* Task prompt *
The required output is the lines of the listing from the beginning through the line containing "Movie Power VR", each copied exactly, without any pictures.

* Exercise data *
◆ ◆ ◆

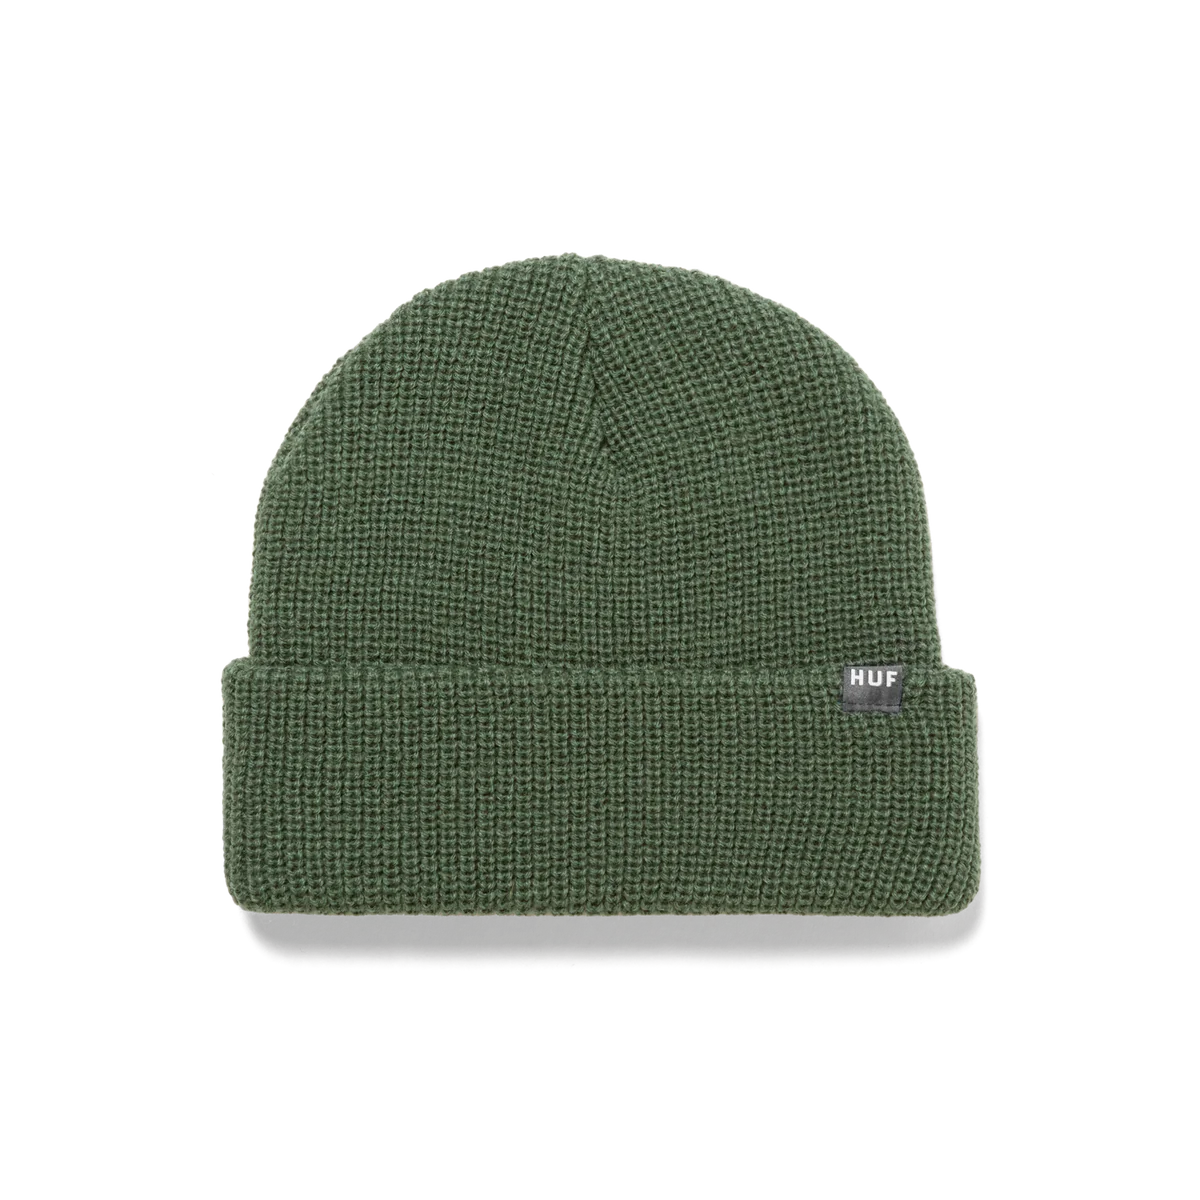 HUF - USUAL BEANIE - LIGHT OLIVE
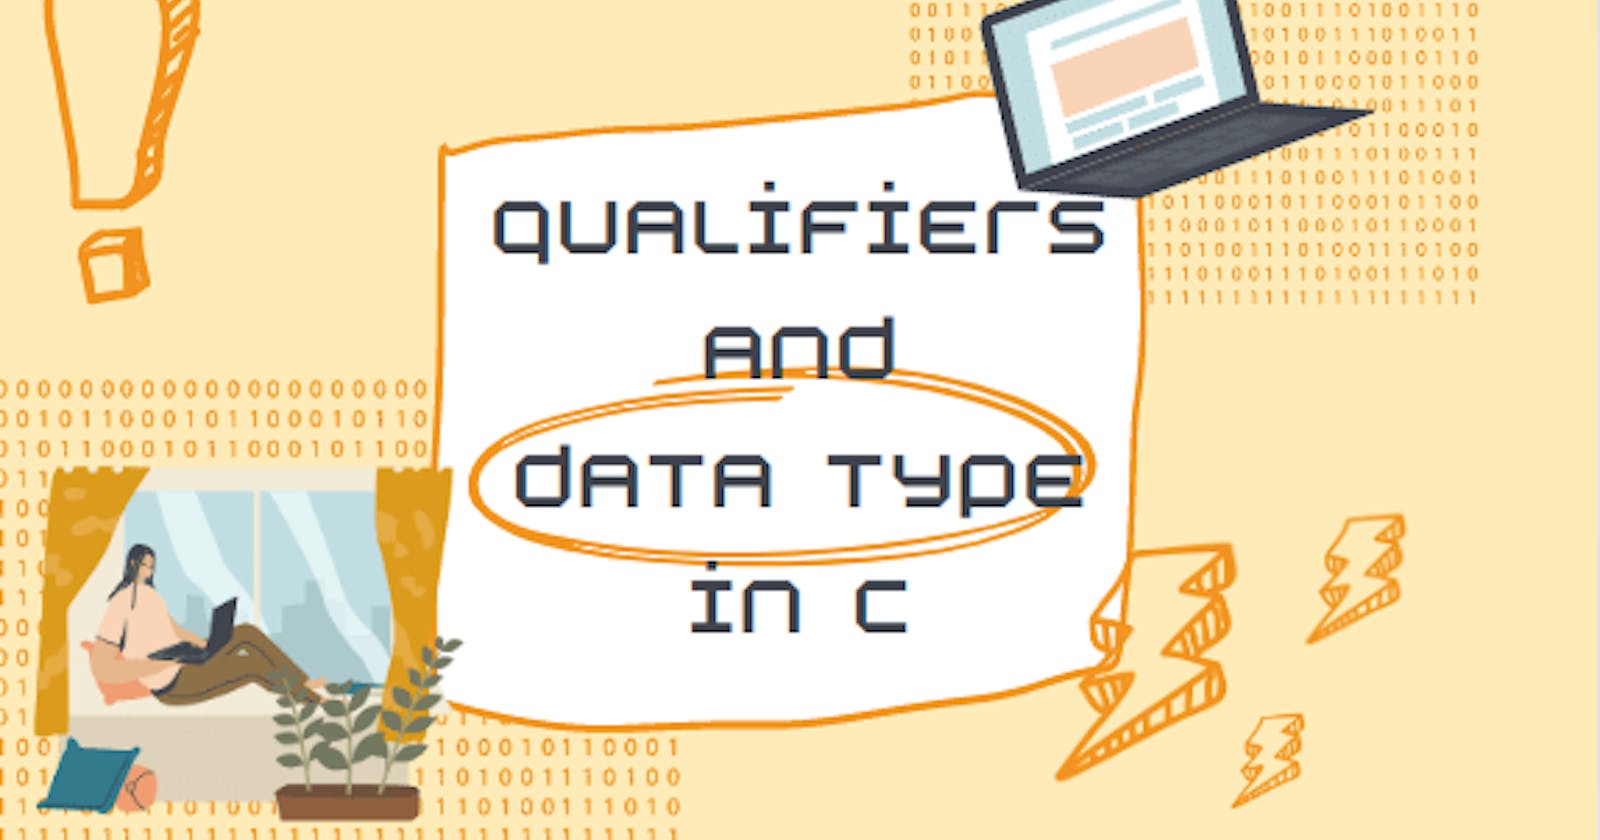 What is the difference between qualifiers and data type?
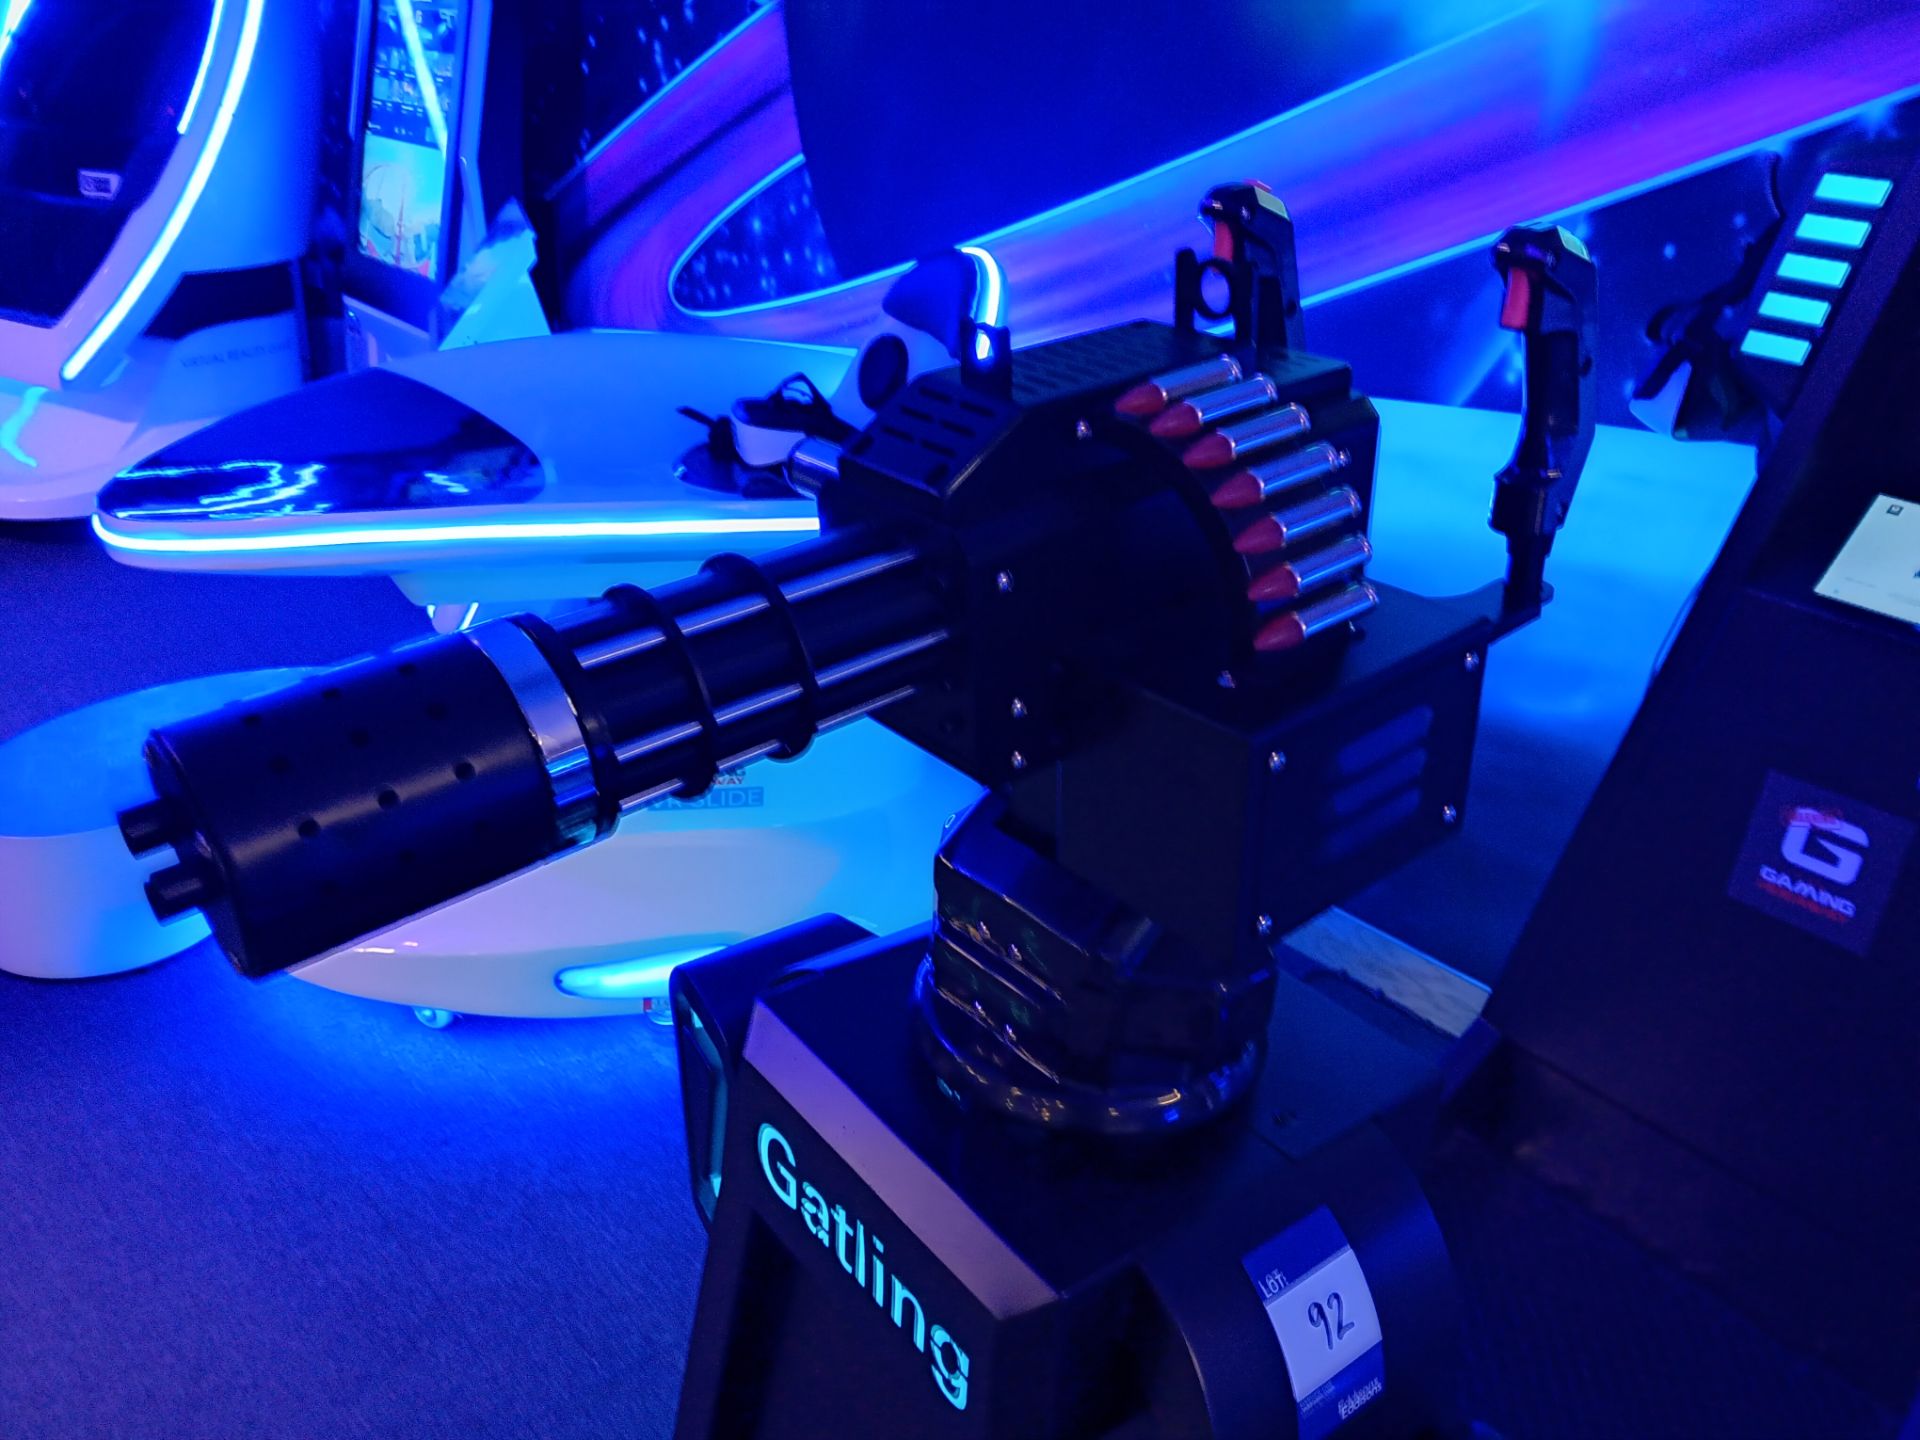 Movie Power VR Gatling Gun Shooting Simulator – Cost New £9,000 - Buyer to Disconnect & remove - Image 3 of 6
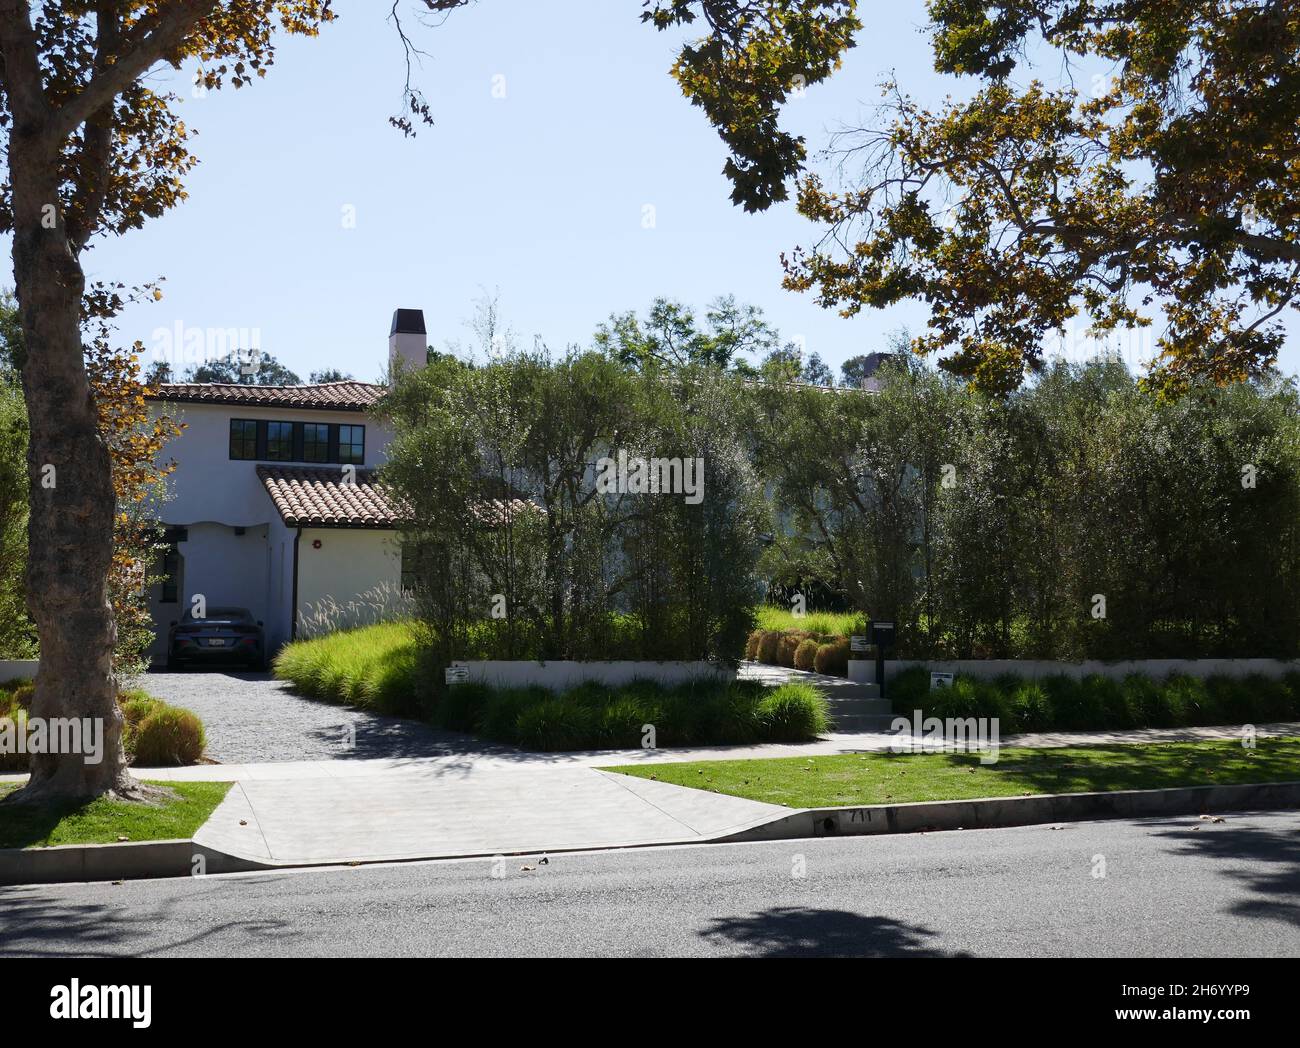 Beverly Hills, California, USA 18th September 2021 A general view of atmosphere of Actress Kim Delaney and Actress Joan Benny's Former Home/house at 711 Walden Drive on September 18, 2021 in Beverly Hills, California, USA. Photo by Barry King/Alamy Stock Photo Stock Photo

◆ ◆ ◆

* Answer box *
 HUF - USUAL BEANIE - LIGHT OLIVE
 What is the difference between qualifiers and data type?
 Movie Power VR Gatling Gun Shooting Simulator – Cost New £9,000 - Buyer to Disconnect & remove - Image 3 of 6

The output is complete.